Por
  • Carmen Puyó

Médicos de cabecera

Médico
Médicos de cabecera
Pixabay

Cuando era cría y tenía cualquier síntoma de enfermedad, catarro, gripe, falta de calcio o esos ganglios que a veces nos salían en la garganta, mi madre siempre nos llevaba a don Ángel, que era nuestro médico de cabecera. 

No recuerdo que hubiera entonces centros de salud. Para mí, don Ángel era eso, un ángel que me recetaba pastillas que me iban a hacer mucho bien y que, de vez en cuando, se convertía en una especie de diablo que me recetaba inyecciones. Para mí, aquel médico nuestro de cabecera era como un santón con el que me sentía segura, protegida de todo mal.

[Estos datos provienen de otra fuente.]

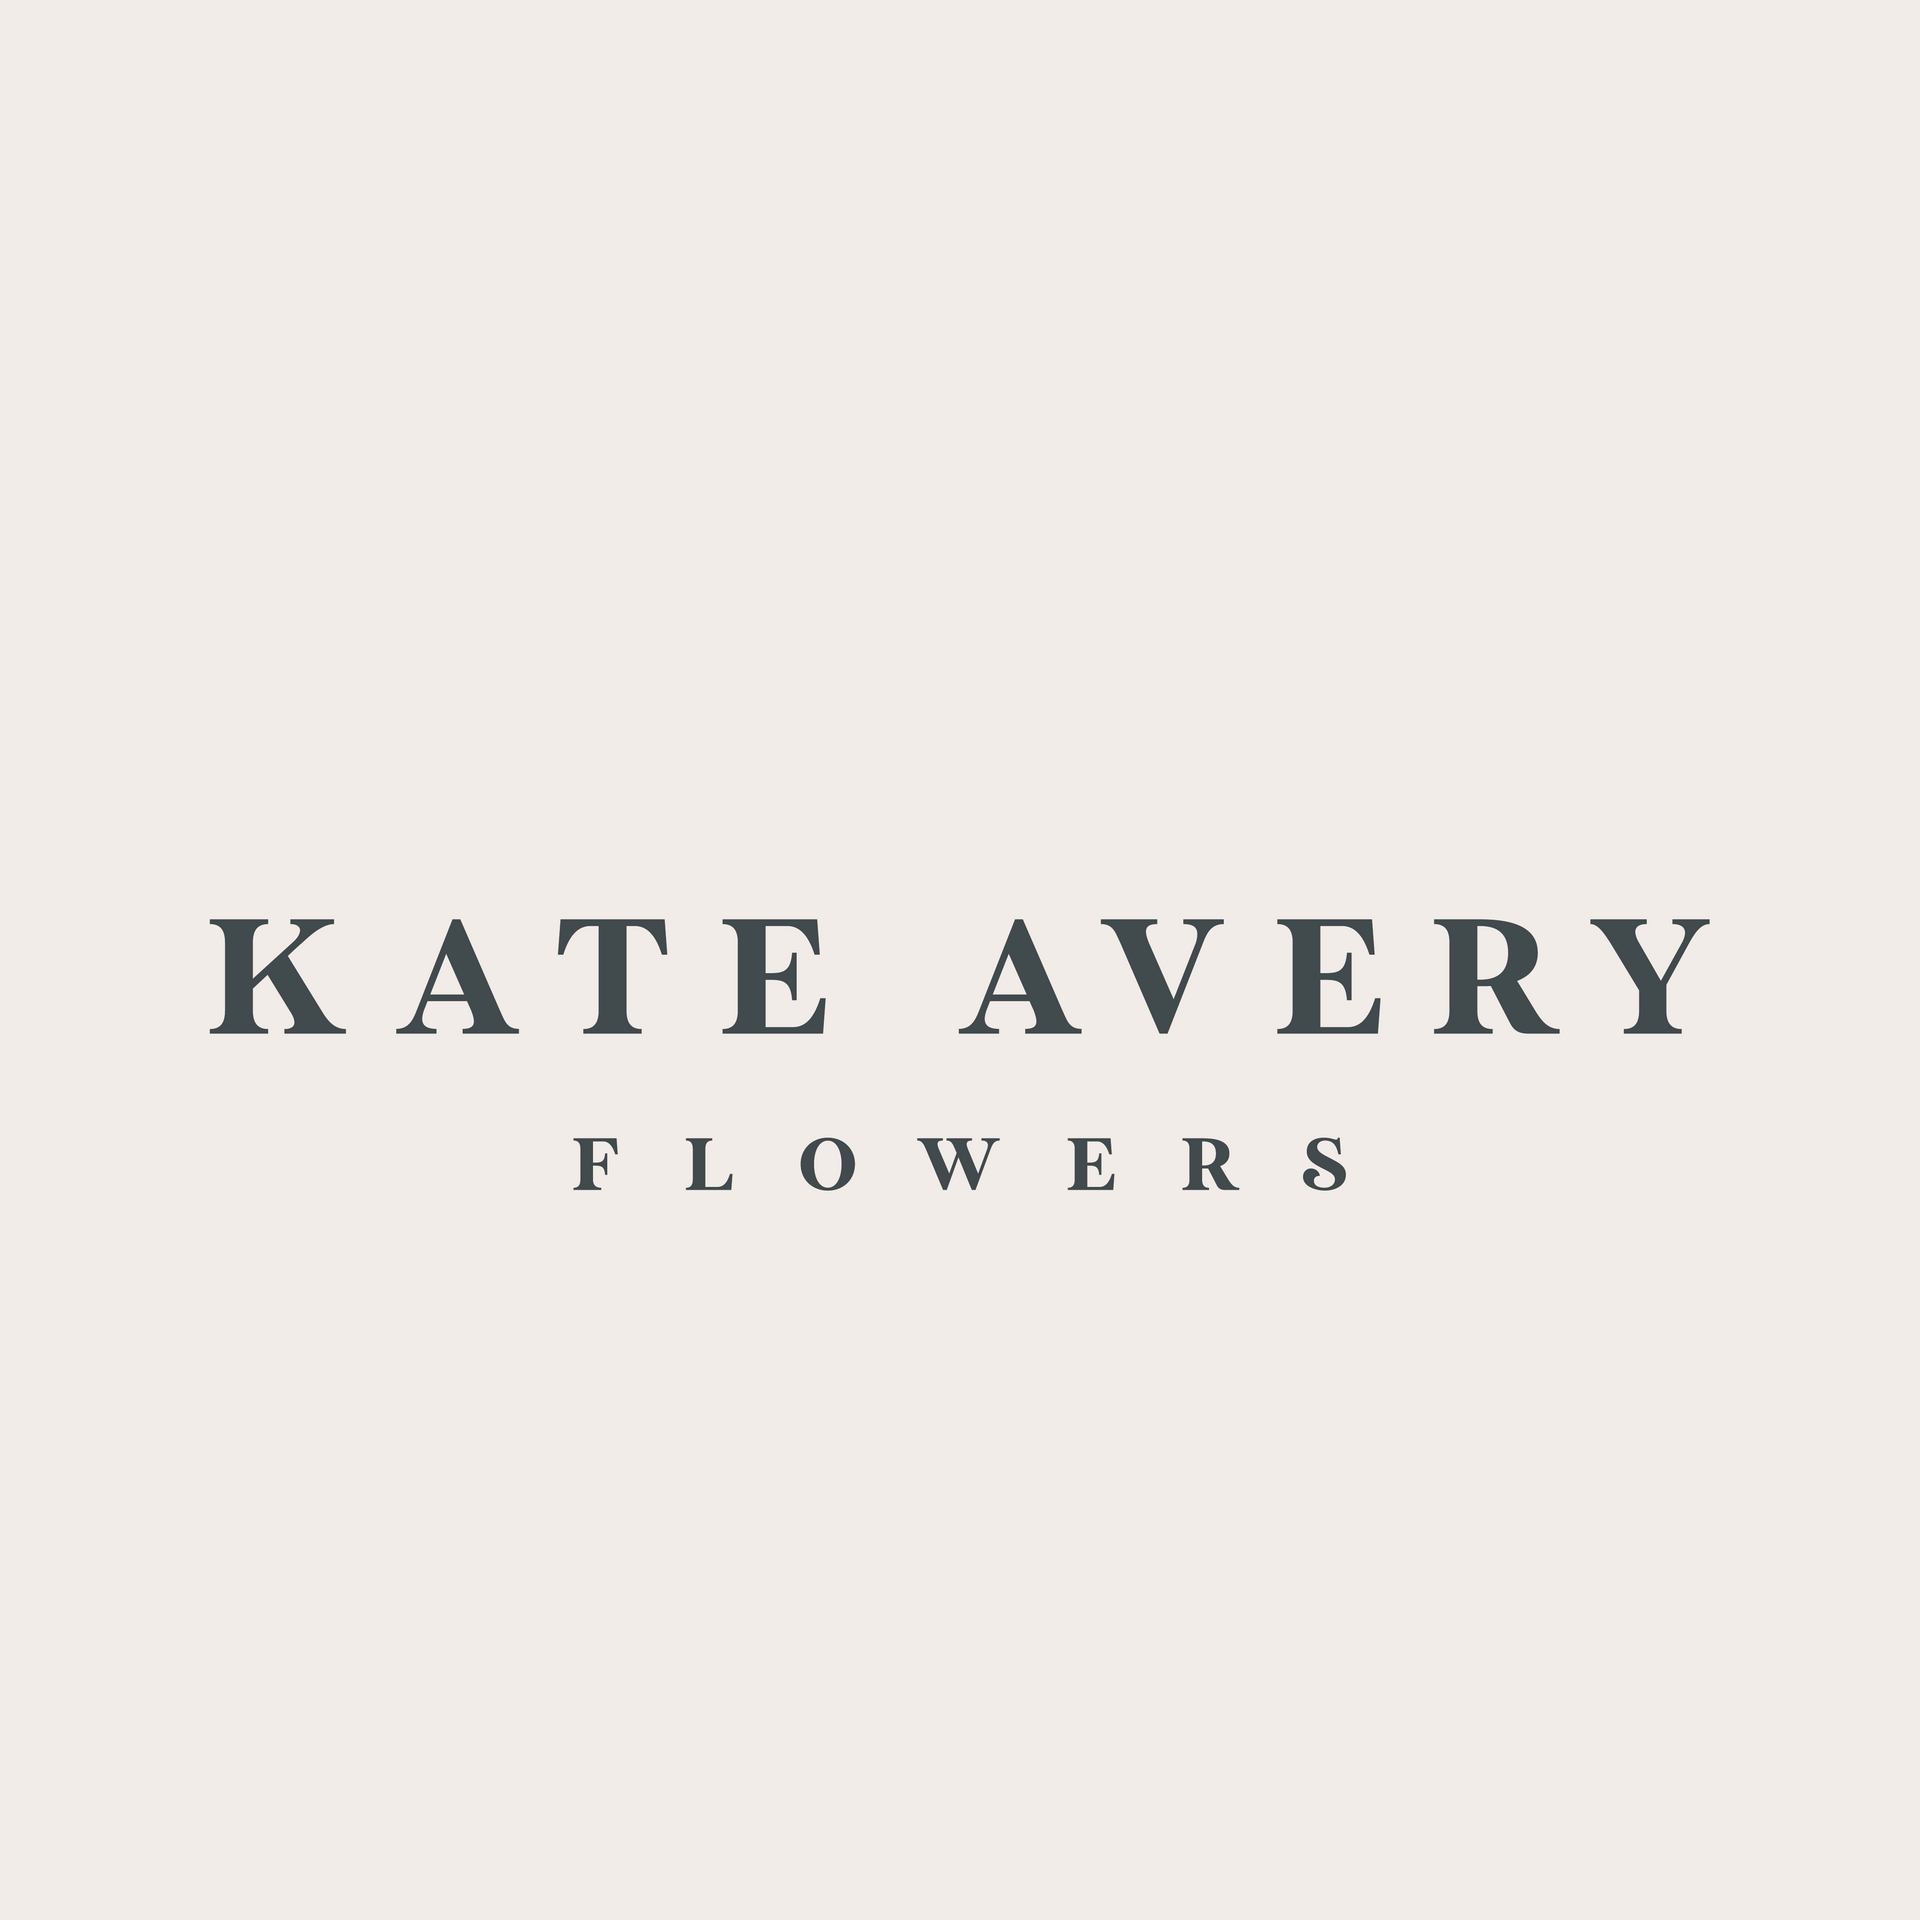 Florist Branding | Brand Identity Design by Fresh Leaf Creative

Han pasado los años, y veo que la medicina de familia es la que menos interesa de todas las especialidades. Lástima, porque no solo es necesaria y un pilar de nuestra sanidad pública, es importantísima. He tenido la suerte de tener médicos de familia estupendos en mi centro de salud, de esa clase de médicos que se acercan a ti, intuyen tus necesidades y te tratan con un respeto que, en muchas ocasiones, no se corresponde con el trato que les dan ni algunos pacientes ni nuestro sistema sanitario.

Bendita sanidad pública y benditos los médicos de familia. Los hemos visto pelear y aguantar y sufrir durante la pandemia, los hemos visto con su larga experiencia y sus muchos conocimientos tragar lo que no esta escrito, y con ganas de quejarse y morderse la lengua antes de dar una mala contestación a alguien. Y ahí han seguido aguantando, porque les gusta ser buenos médicos. Hay que cuidarlos, mimarlos, pagarles bien y procurarles las mejores condiciones de trabajo, en la ciudad y, sobre todo, en pueblos que, aunque perdidos, están llenos de vida y personas.